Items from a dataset
+ + + +

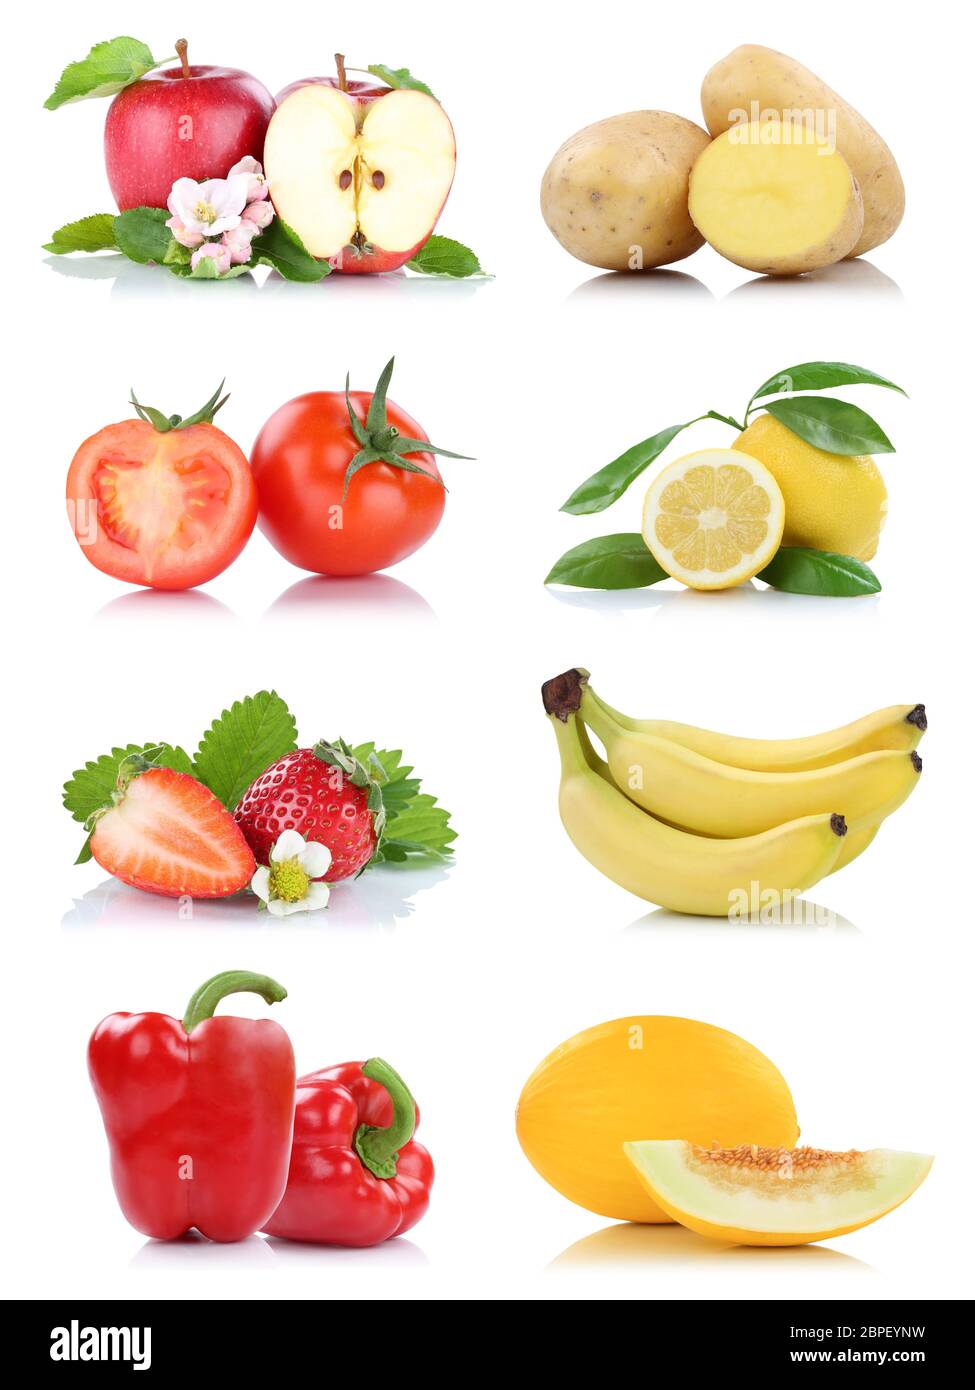 Obst und Gemüse Früchte viele Apfel Tomaten Limone paprica Farben Freisteller freigestellt isoliert vor einem weissen Hintergrund Foto Stock
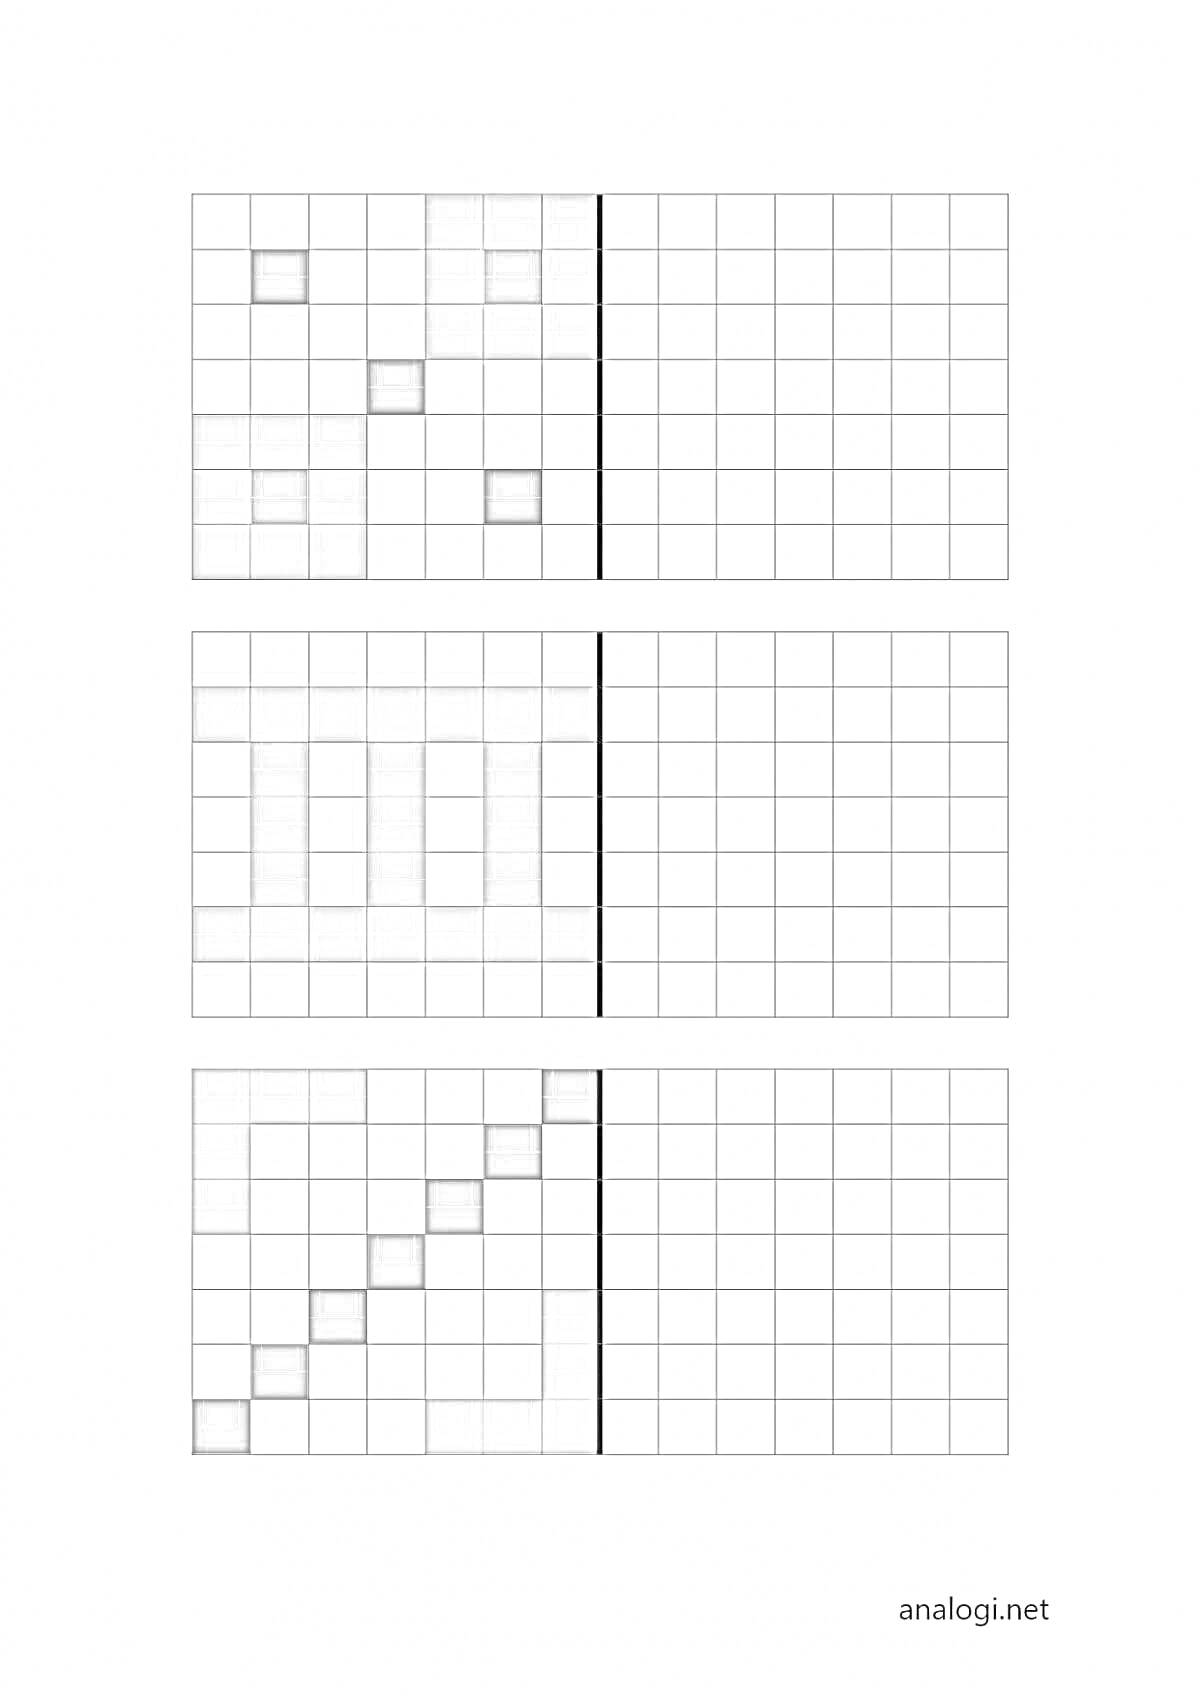 Раскраска Раскраски по клеточкам с геометрическими узорами (крест, вертикальные полосы, диагональная линия)
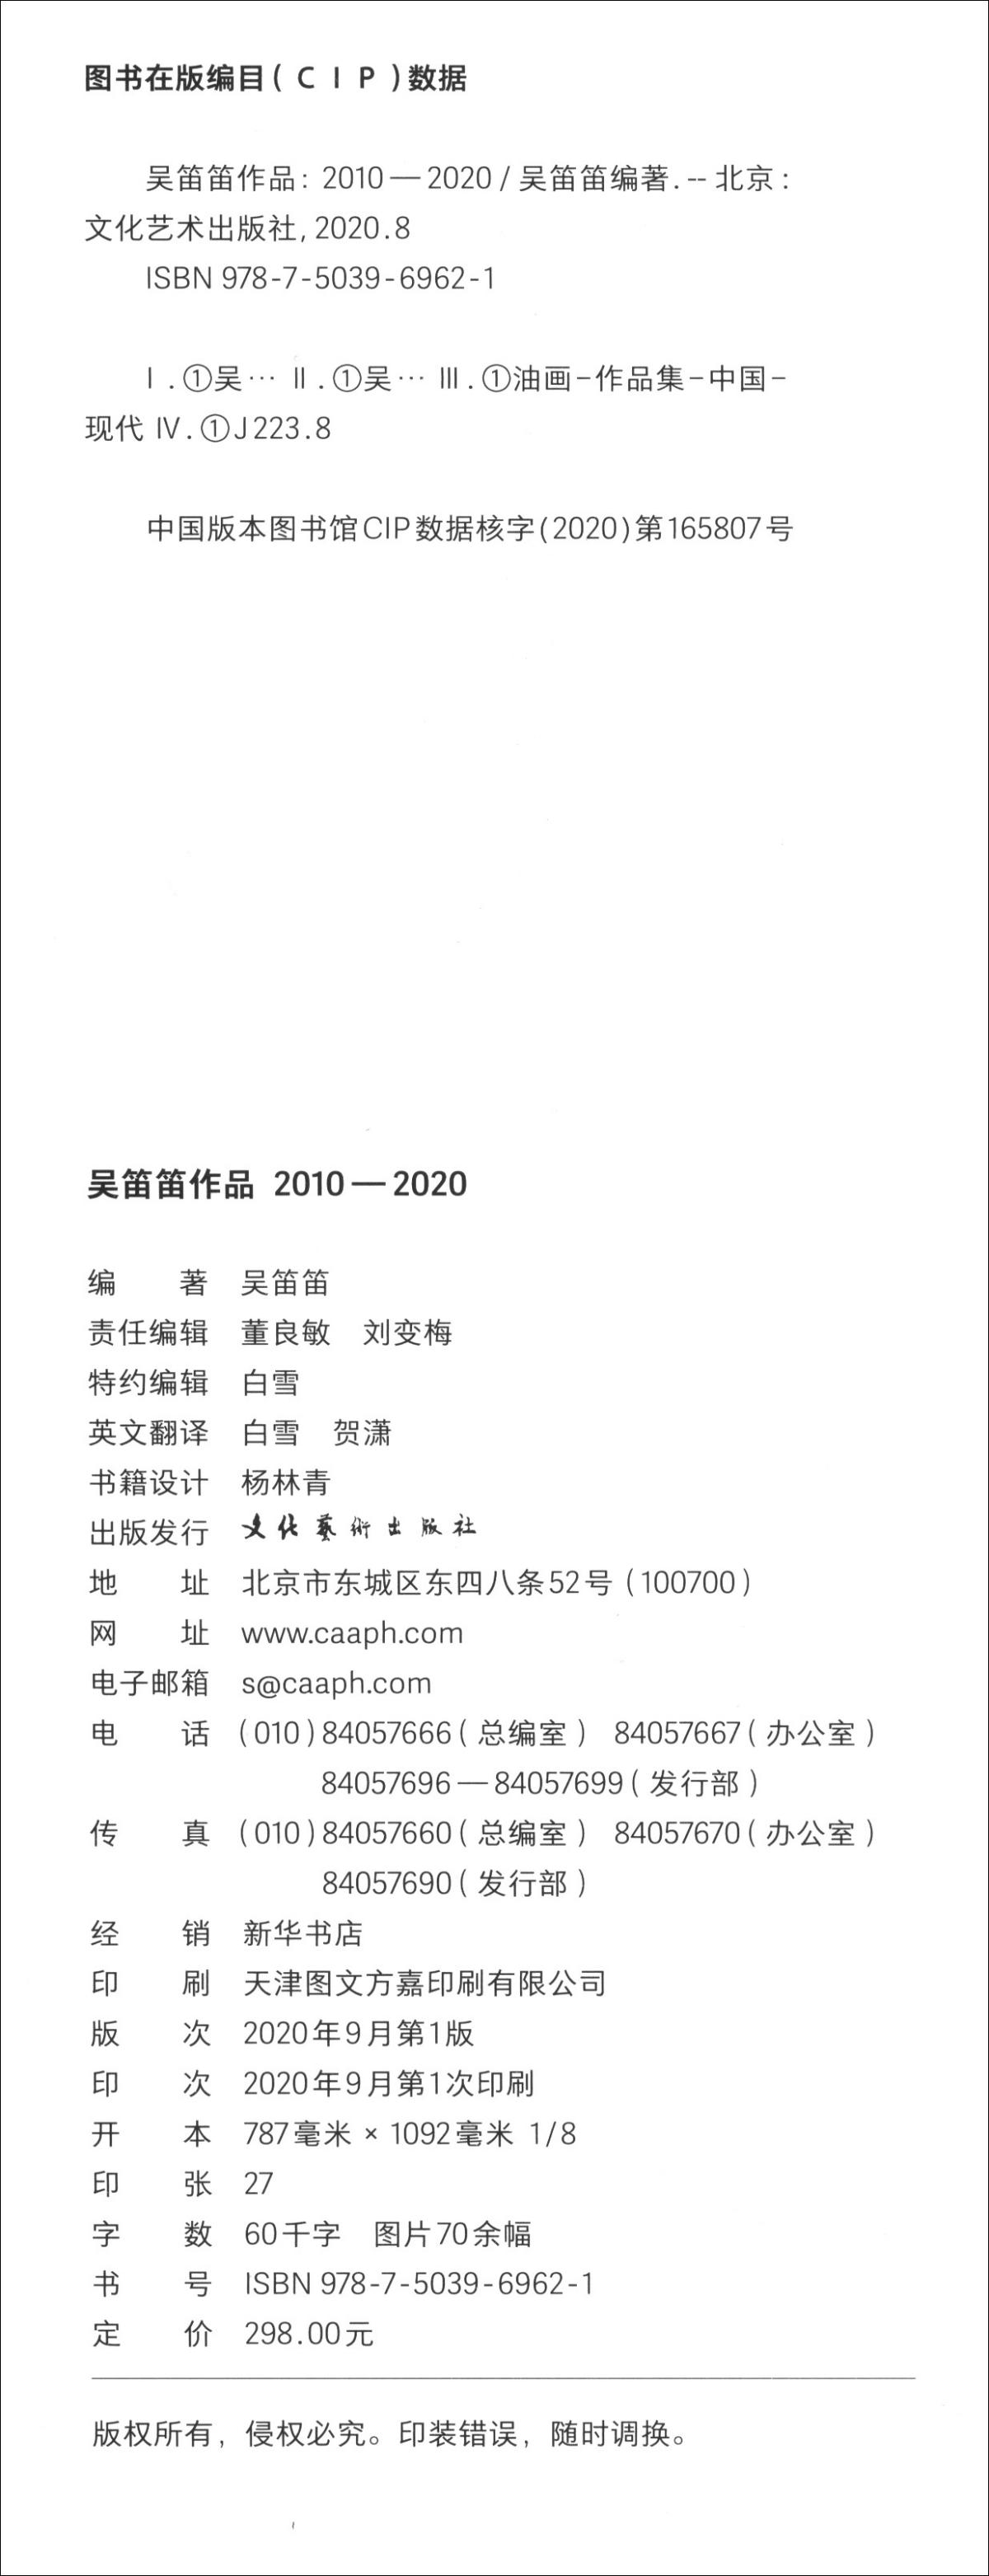 吴笛笛作品 2010—2020
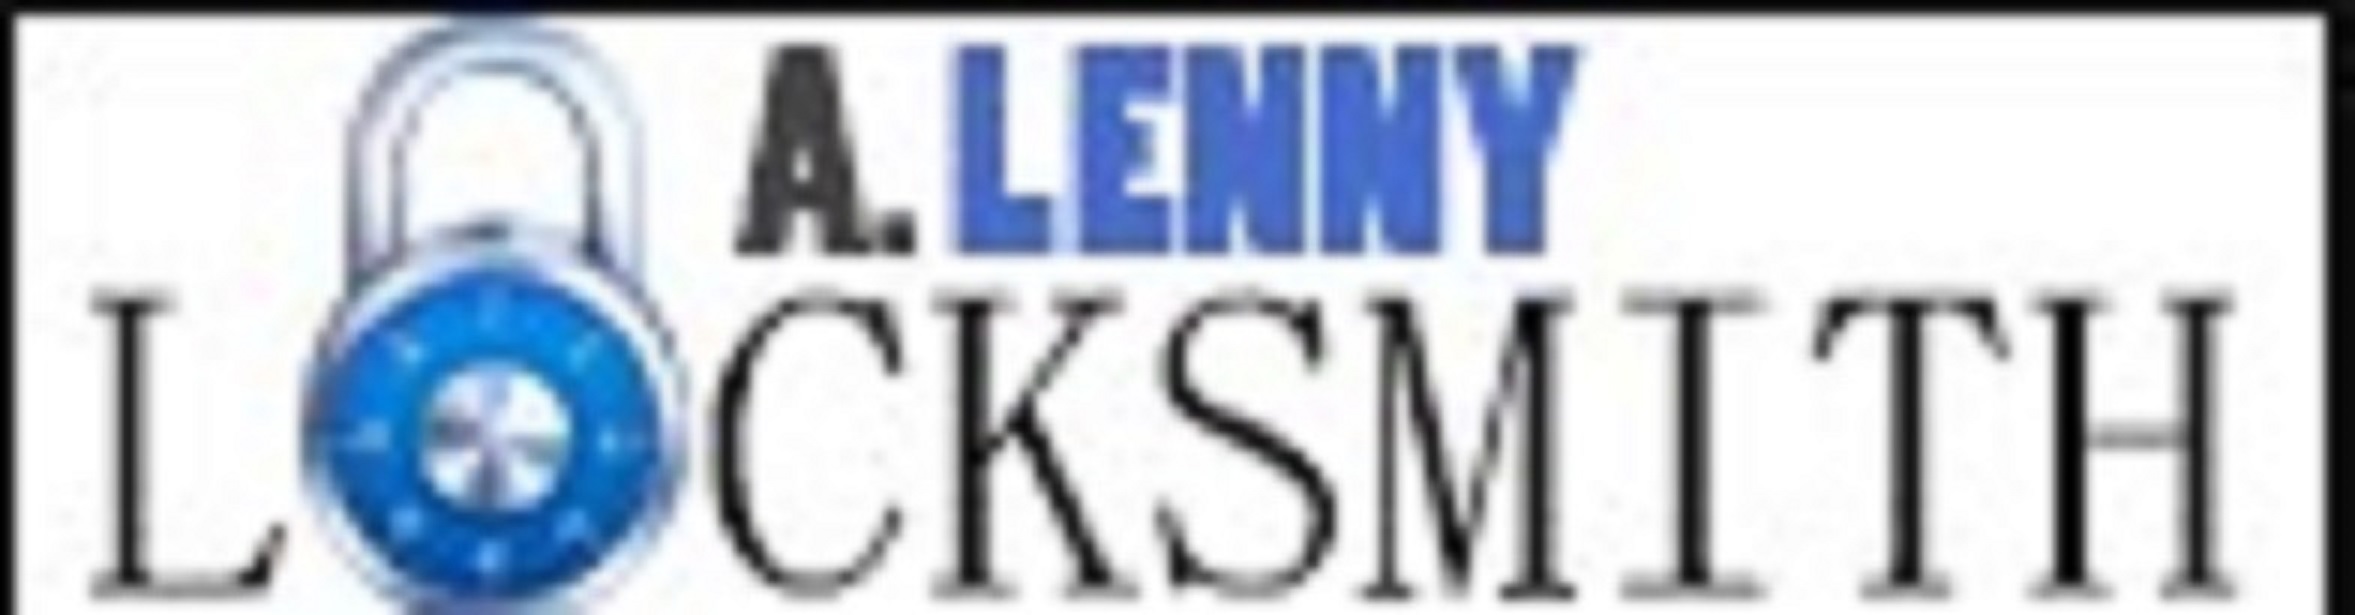 A Lenny Locksmith Hollywood Fl
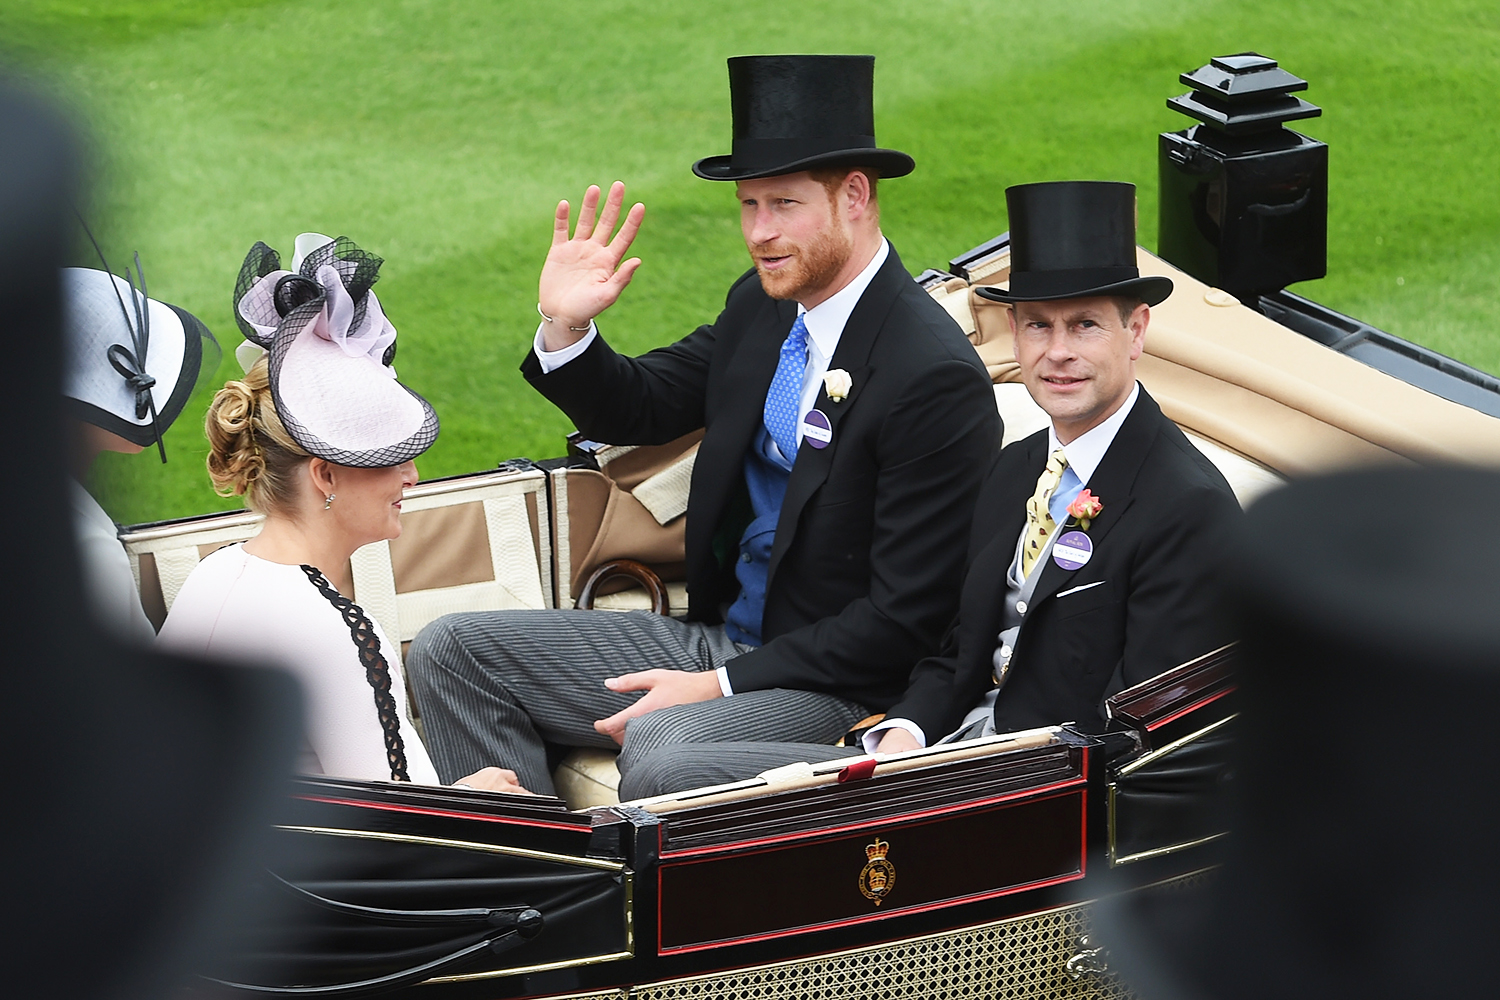 Meghan Markle, duquesa de Sussex, e o príncipe Harry, duque de Sussex, participam do primeiro dia da corrida de Ascot - 19/06/2018

+ + + +

### [WORK REQUIRED]
Please set down the lines from the one with "Раскраска Раскраски по" to the end of the entries above, exactly as they are, and drop every picture.

### [ANSWER FOR THE TASK]
 Раскраска Раскраски по клеточкам с геометрическими узорами (крест, вертикальные полосы, диагональная линия)
 吴笛笛作品 2010—2020
 A Lenny Locksmith Hollywood Fl
 Meghan Markle, duquesa de Sussex, e o príncipe Harry, duque de Sussex, participam do primeiro dia da corrida de Ascot - 19/06/2018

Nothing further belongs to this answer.